▶ **Source material**
☆ ☆ ☆ ☆

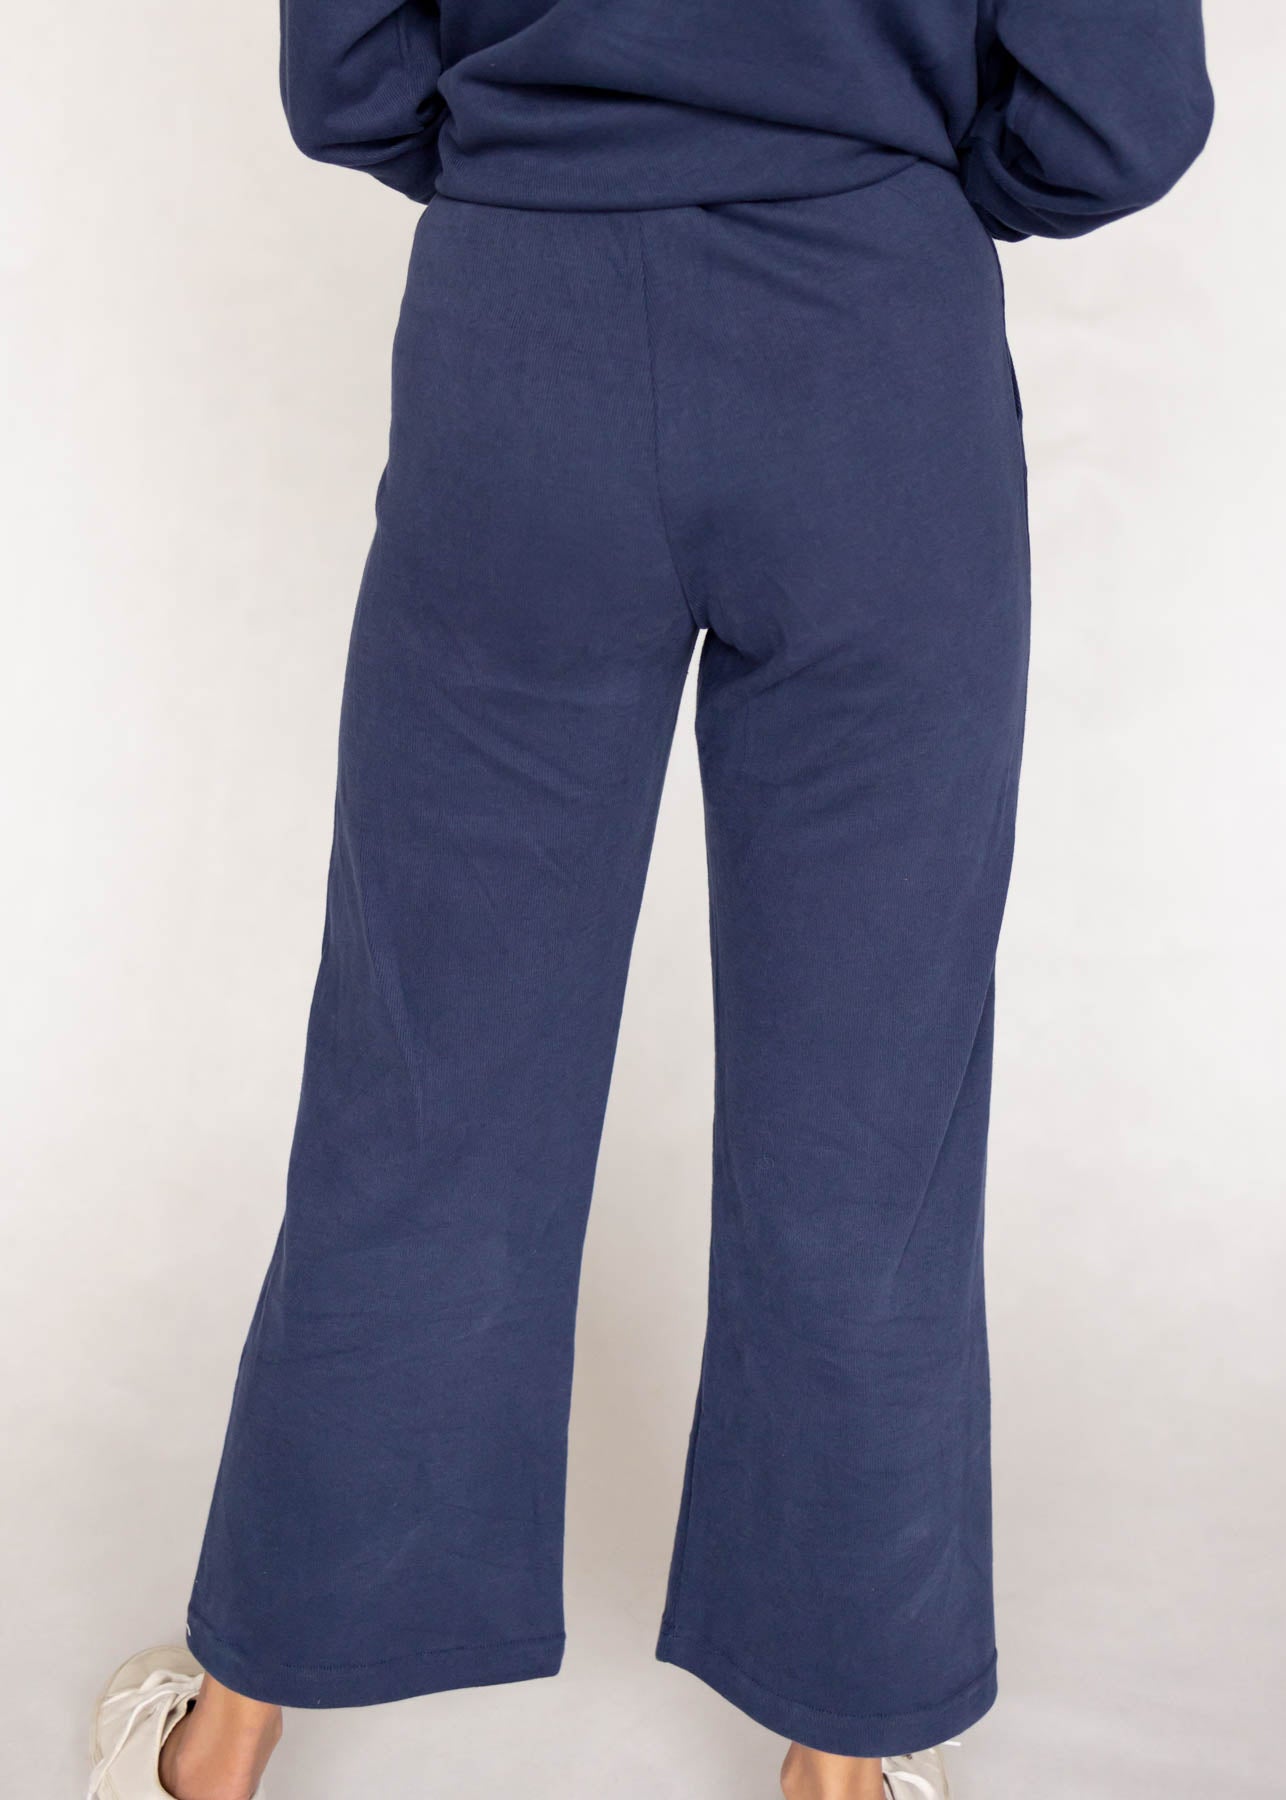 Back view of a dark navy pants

☆ ☆ ☆ ☆

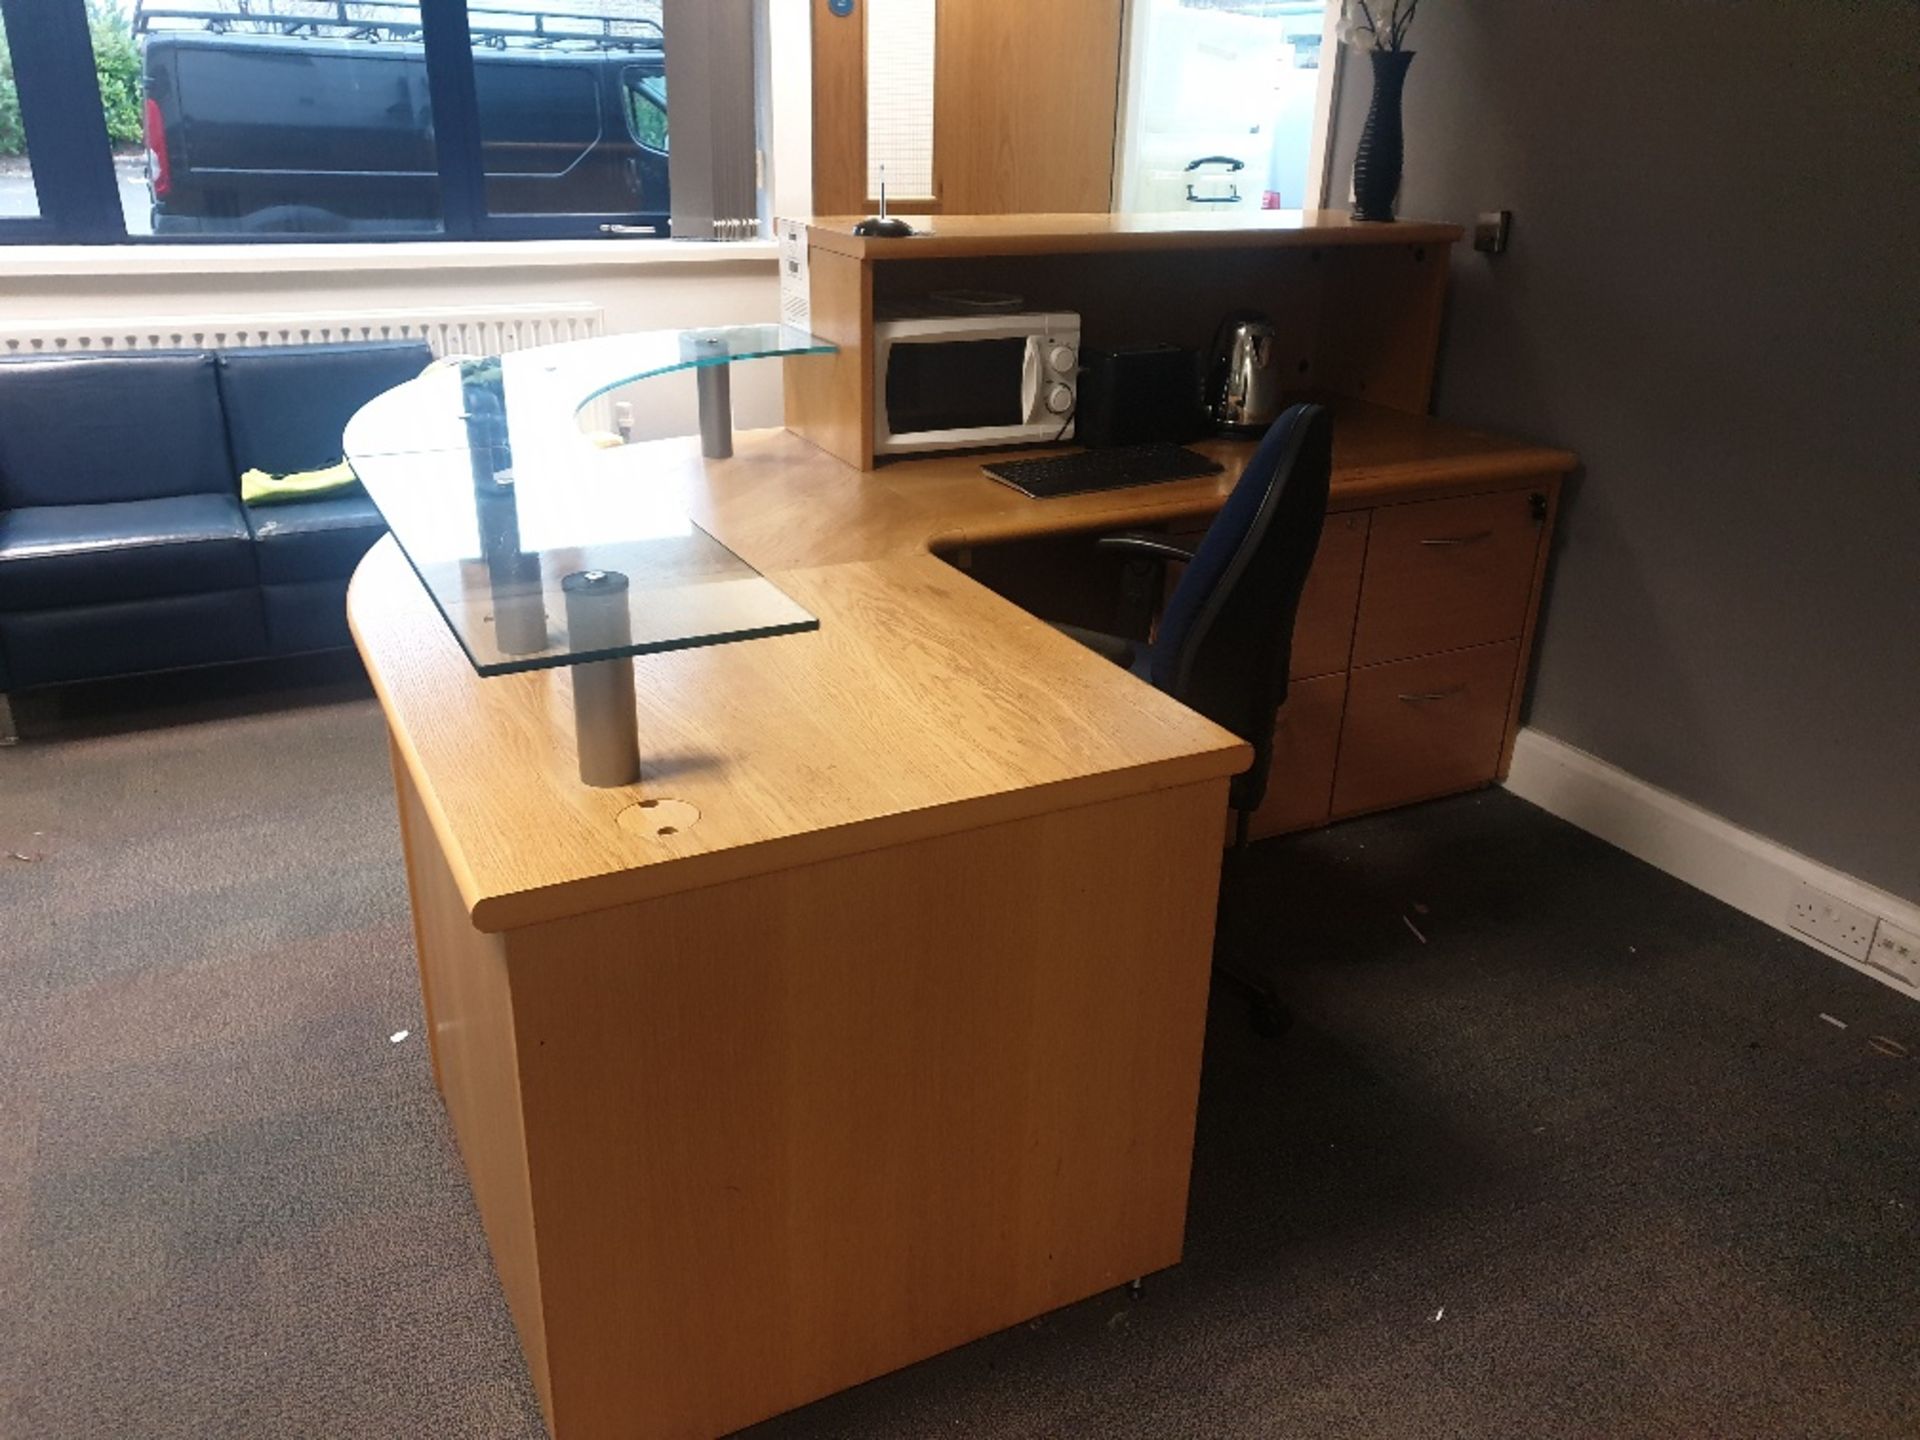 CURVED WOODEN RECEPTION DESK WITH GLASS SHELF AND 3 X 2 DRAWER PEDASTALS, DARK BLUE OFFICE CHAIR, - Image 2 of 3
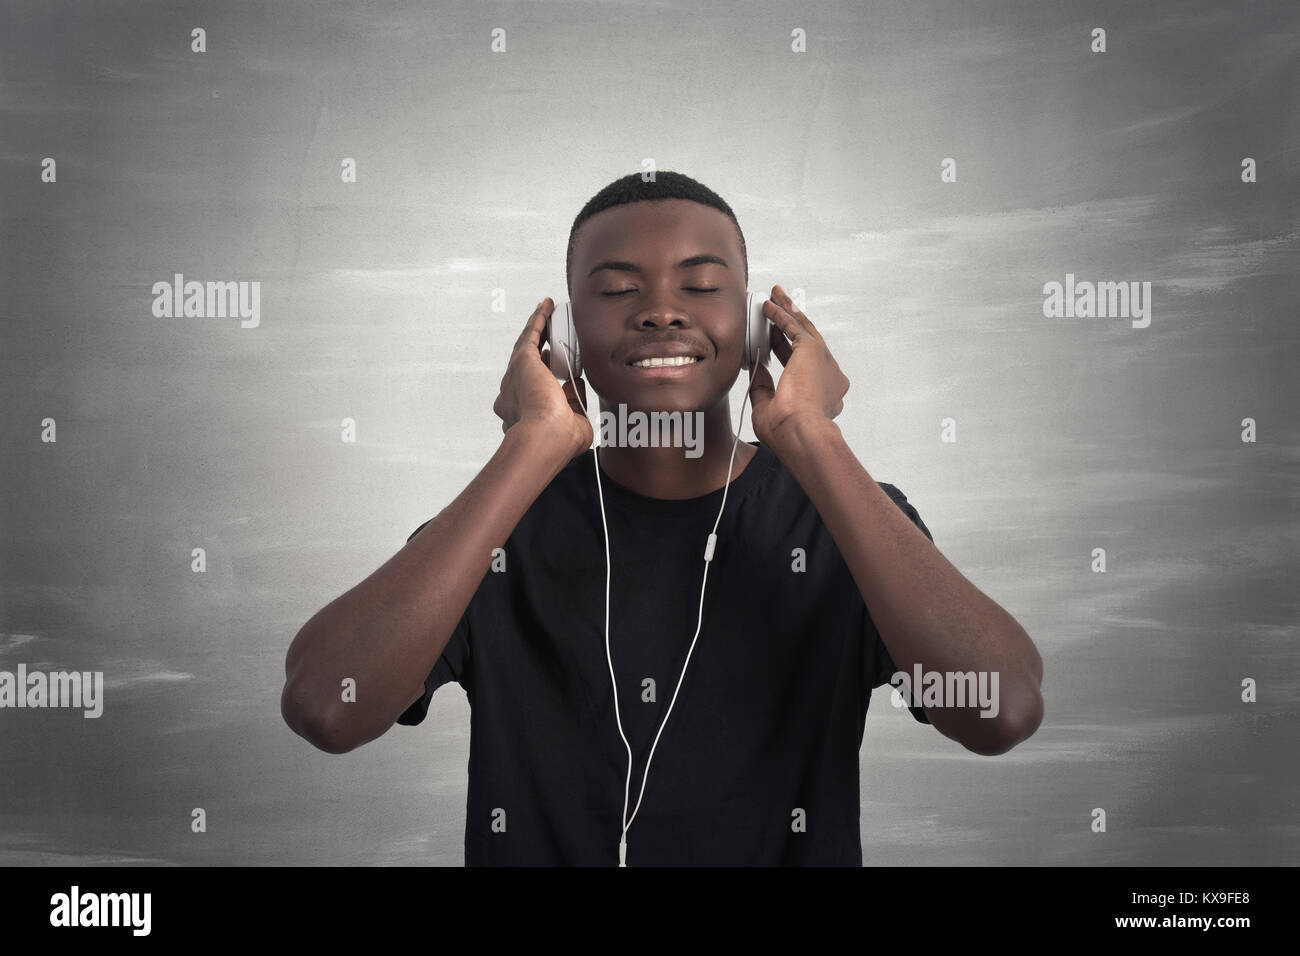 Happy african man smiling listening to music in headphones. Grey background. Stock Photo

☆ ☆ ☆ ☆

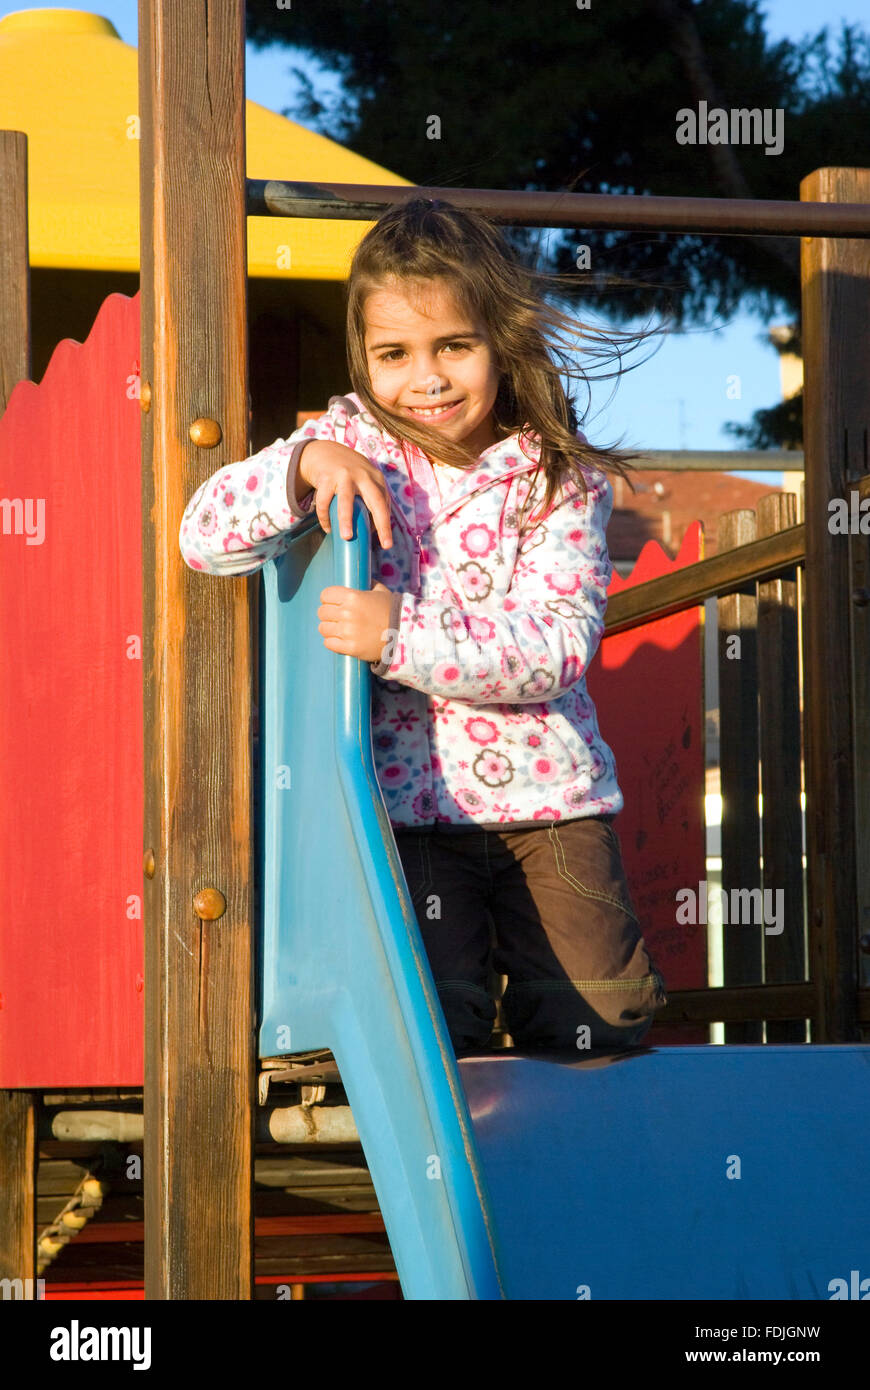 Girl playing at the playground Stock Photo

☆ ☆ ☆ ☆

▶ **Task goal**
Go to the line above that has "CURVED WOODEN RECEPTION" and copy exactly from there down to the line that has "Happy african man", both included. Leave the pictures out.

▶ **Exercise solution**
 CURVED WOODEN RECEPTION DESK WITH GLASS SHELF AND 3 X 2 DRAWER PEDASTALS, DARK BLUE OFFICE CHAIR, - Image 2 of 3
 Happy african man smiling listening to music in headphones. Grey background. Stock Photo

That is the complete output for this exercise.